Recorded data:
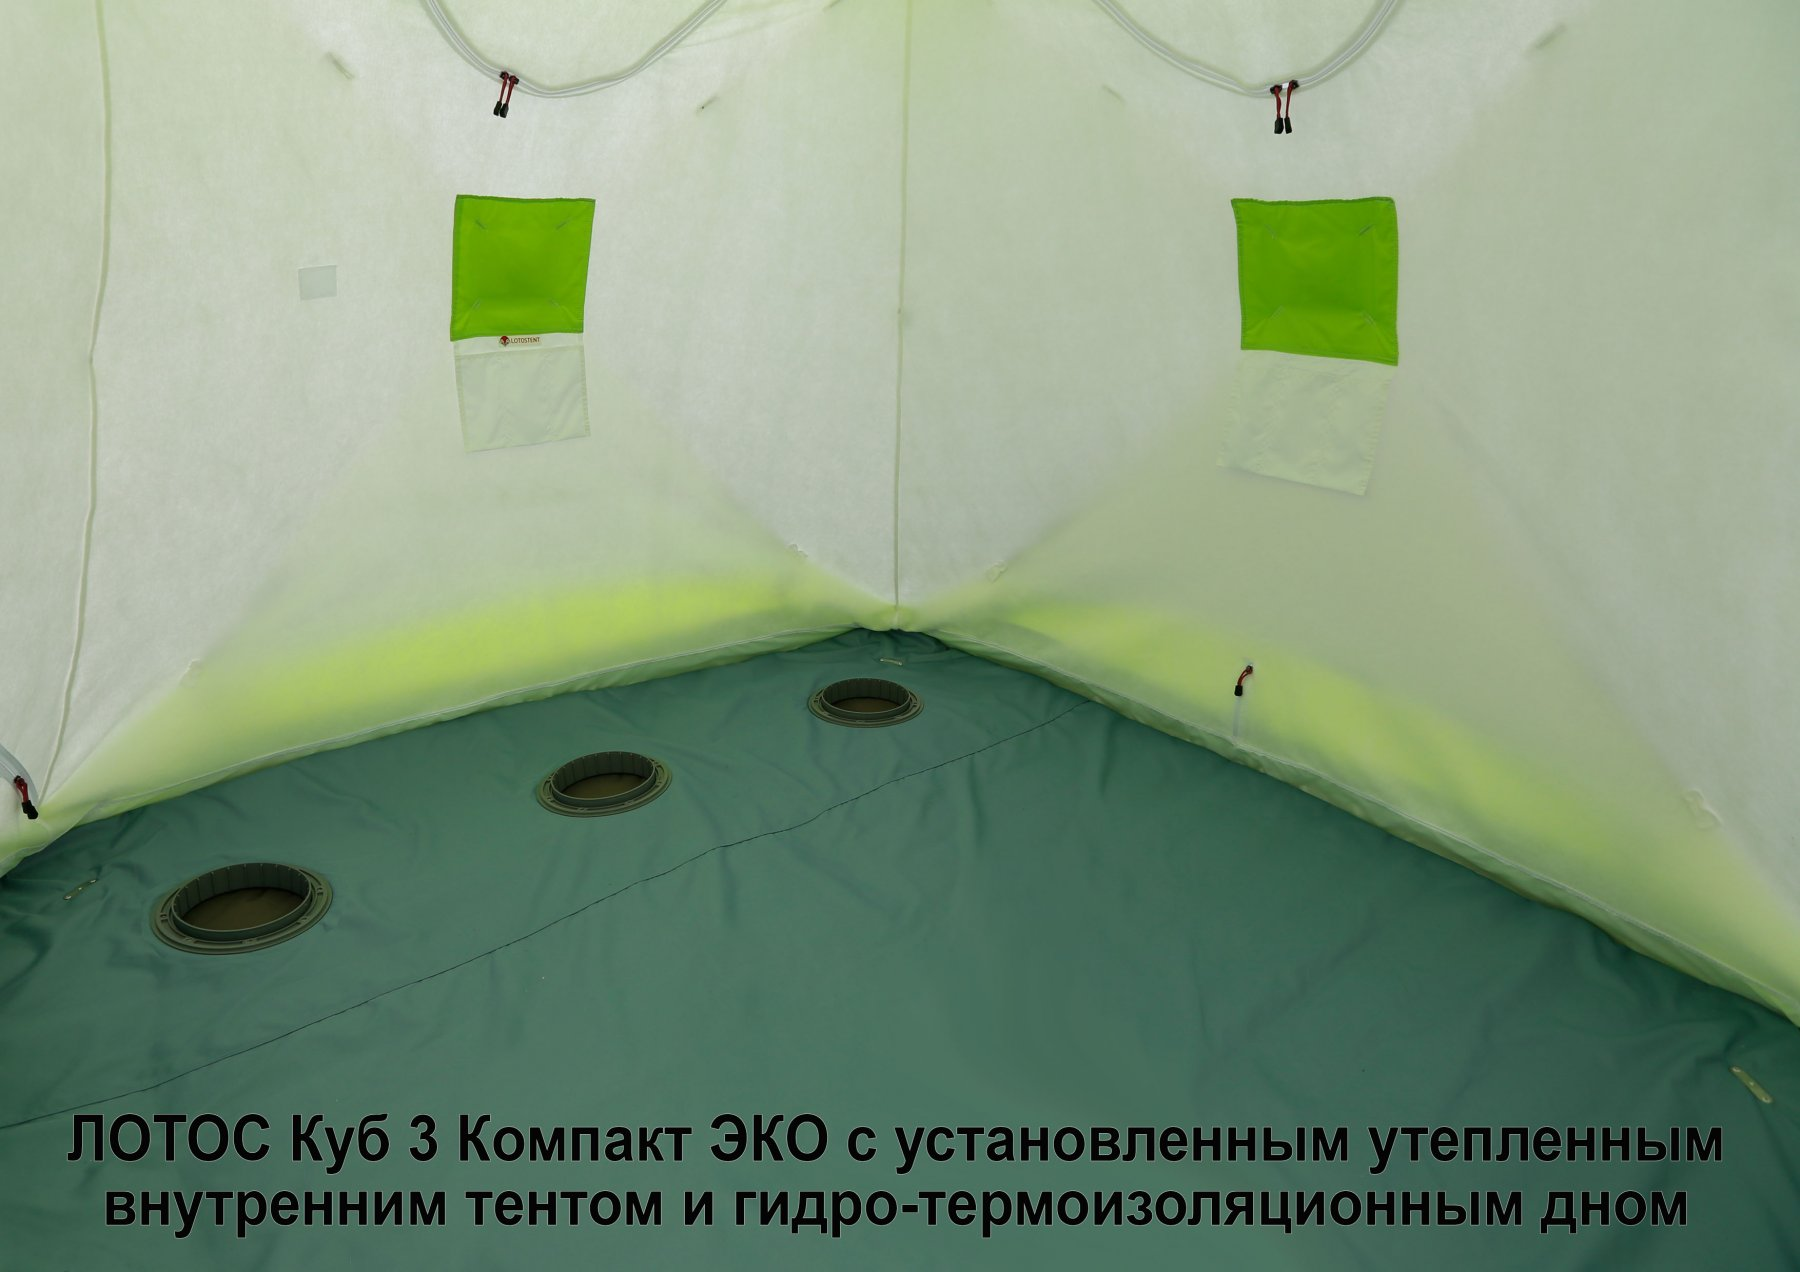 Зимняя палатка ЛОТОС Куб 3 Компакт ЭКО (гидро-термоизоляционное дно и внутренний тент)
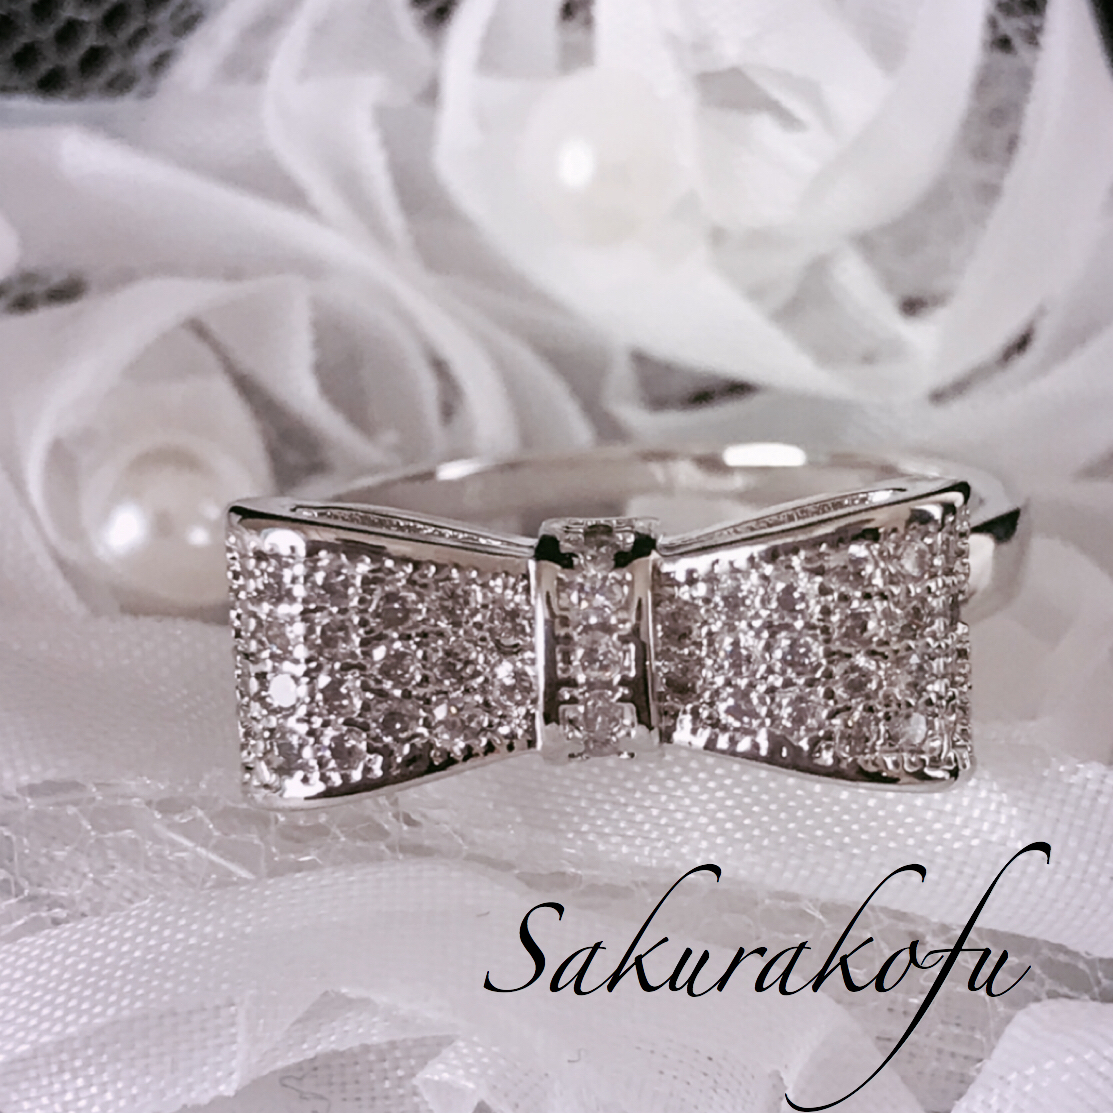 D006 送料無料 レディース 指輪 アクセサリー リボン Ribbon Silver Ring Kawaii
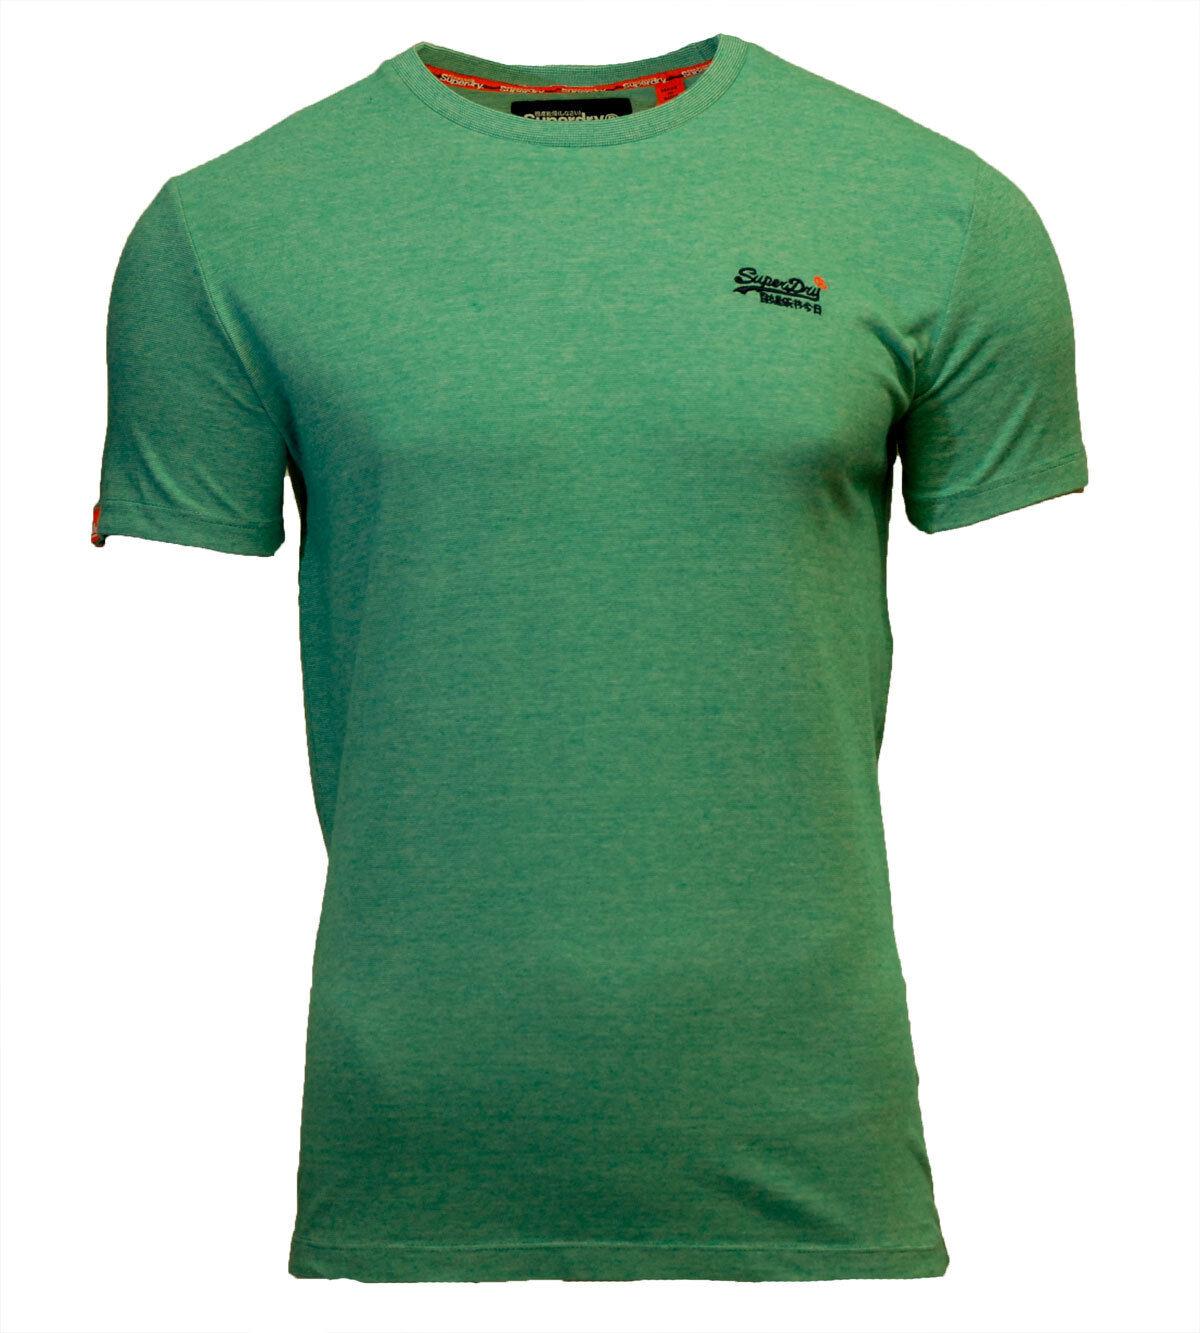 Superdry Mens New Orange Label Crew Neck Short Sleeve T Shirt Green Grit Feeder

Task statement: Each line from the one holding "D006 送料無料 レディース" through the end of the listing is to be output exactly, both ends included, with no other lines and the pictures left out.

Exercise result:
 D006 送料無料 レディース 指輪 アクセサリー リボン Ribbon Silver Ring Kawaii
 Superdry Mens New Orange Label Crew Neck Short Sleeve T Shirt Green Grit Feeder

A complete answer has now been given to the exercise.